PPRuNe Forums - View Single Post - How safe is (airbus) fly by wire? Airbus A330/340 and A320 family emergency AD
Old 2nd Jan 2013, 14:52
  #152 (permalink)  
Chris Scott
 
Join Date: Jan 2008
Location: Blighty (Nth. Downs)
Age: 77
Posts: 2,107
Received 4 Likes on 4 Posts
BOAC,
Have a feeling I may come unstuck on this one! On the face of it, reminiscent of TyroPicard's VFW 614 jet, but with the prop's slipstream improving elevator authority. Unlike the prop-driven types most of us wrinklies started our careers on, this pusher-prop will have negligible effect on wing lift, so back to the VFW 614 situation again. Is that why the thrust line looks to have an up-vector? Bottom-line is: I reckon you'd have to pull fairly hard initially. (You have control!)

Bengerman,
Sorry you feel like that, but I'm not expecting to devote much more of my retirement to this contentious argument, either. (And I much admire others who have to compose their thoughts in a foreign tongue.) Why does it have to be so polarised? Re non-driven thrust levers and non-interconnected sidesticks, if you have seen my posts on this and other threads, you will see that I have opposed them in principle since the 1980s.

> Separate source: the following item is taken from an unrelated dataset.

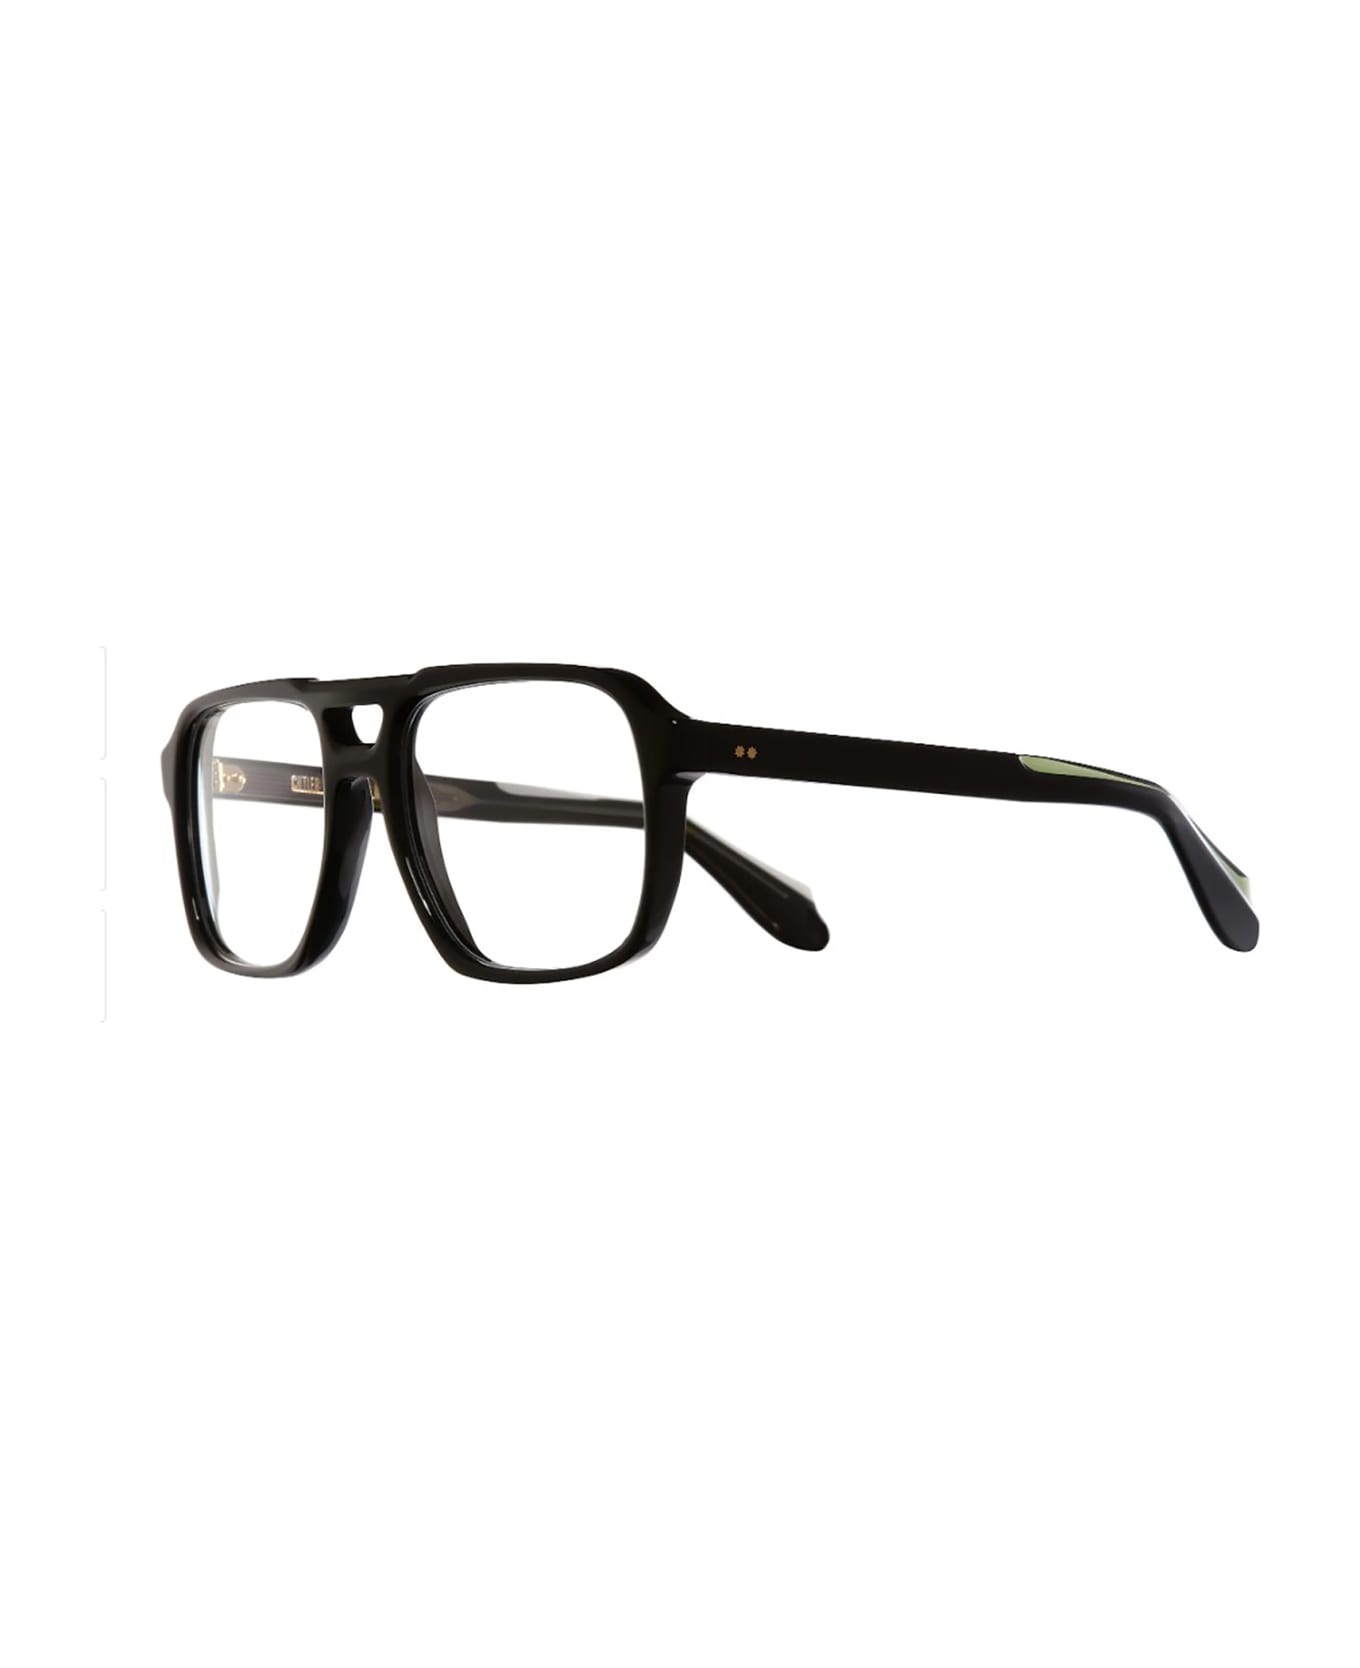 Cutler and Gross 1394(VISTA) Eyewear - Black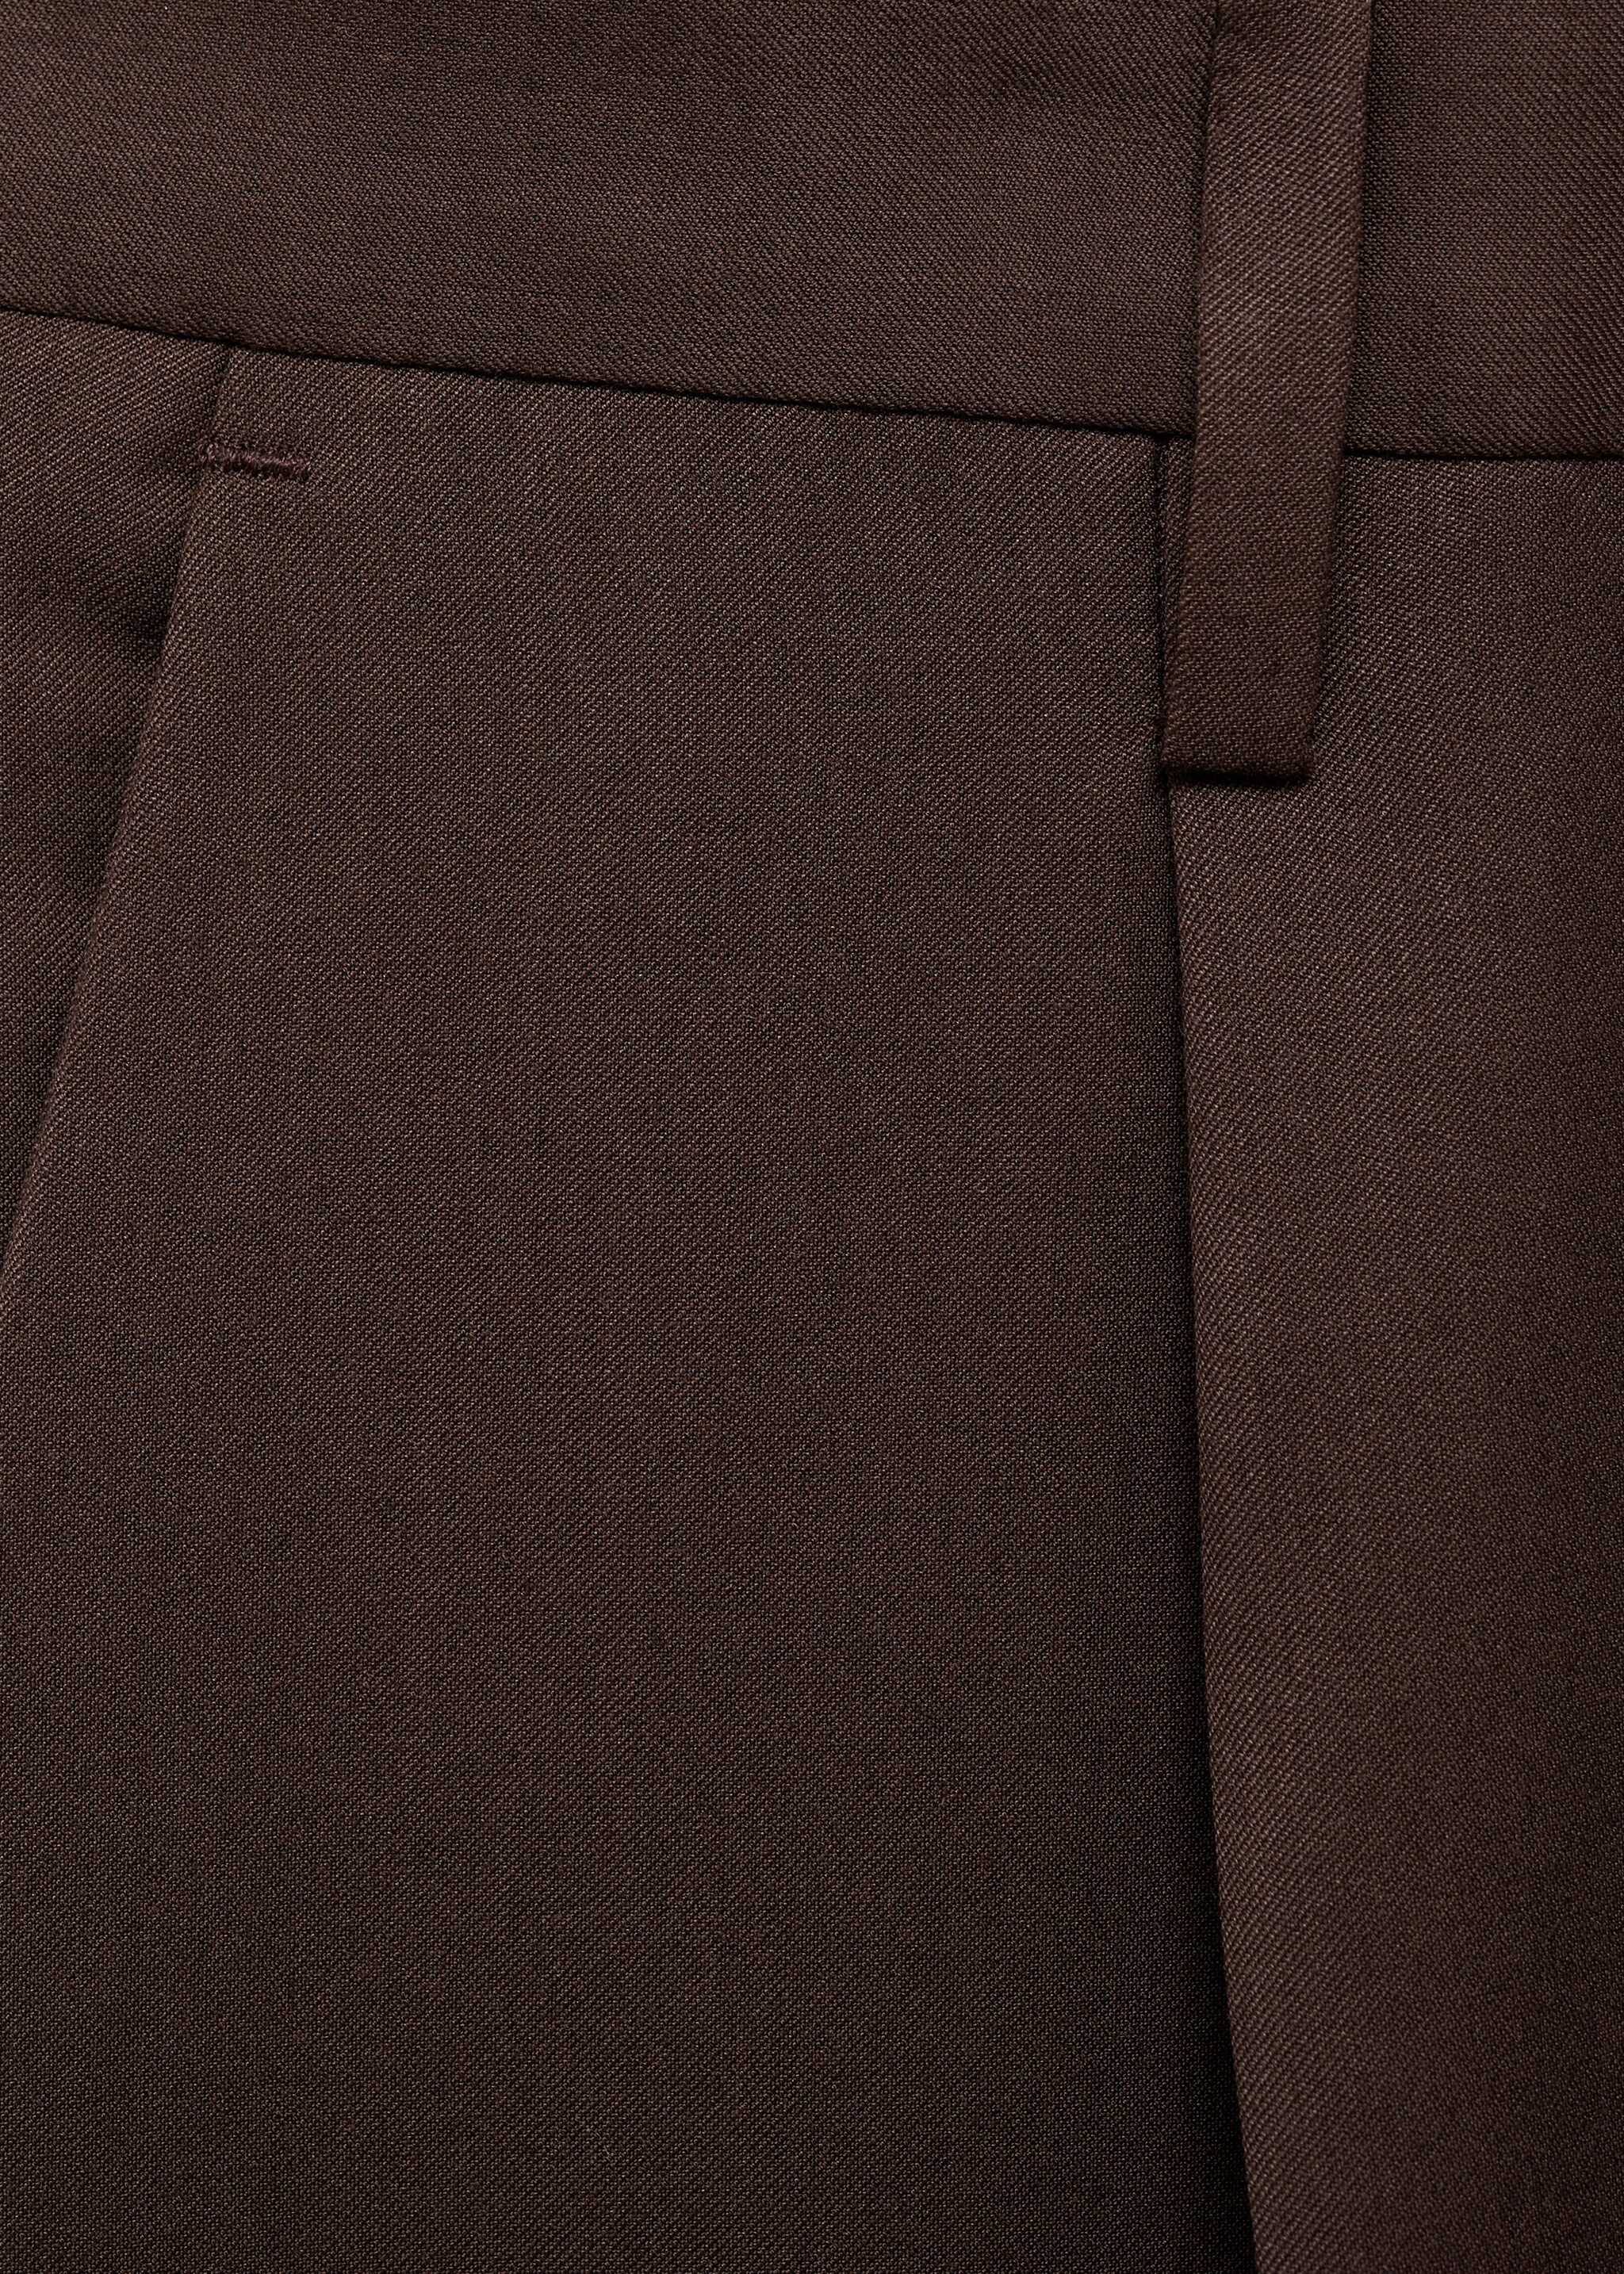 Pantalón traje regular fit pinzas - Detalle del artículo 0

I haven't flown the B727, but your comment surprises me. The DC10s I flew only had a third of their thrust mounted on the tail: the rest was under-slung. I seem to recall that, due to its high thrust-line (unlike the L-1011), a single-engine G/A using that centre engine was quite interesting.

Jonty,
Thanks for endorsing my point. The G/A accident I had in mind was either an A300-600 or an A310 in the Far East: conventional controls and (as some readers may not know) very similar configuration to the B757/767. I remember go-arounds in the A310 only too well.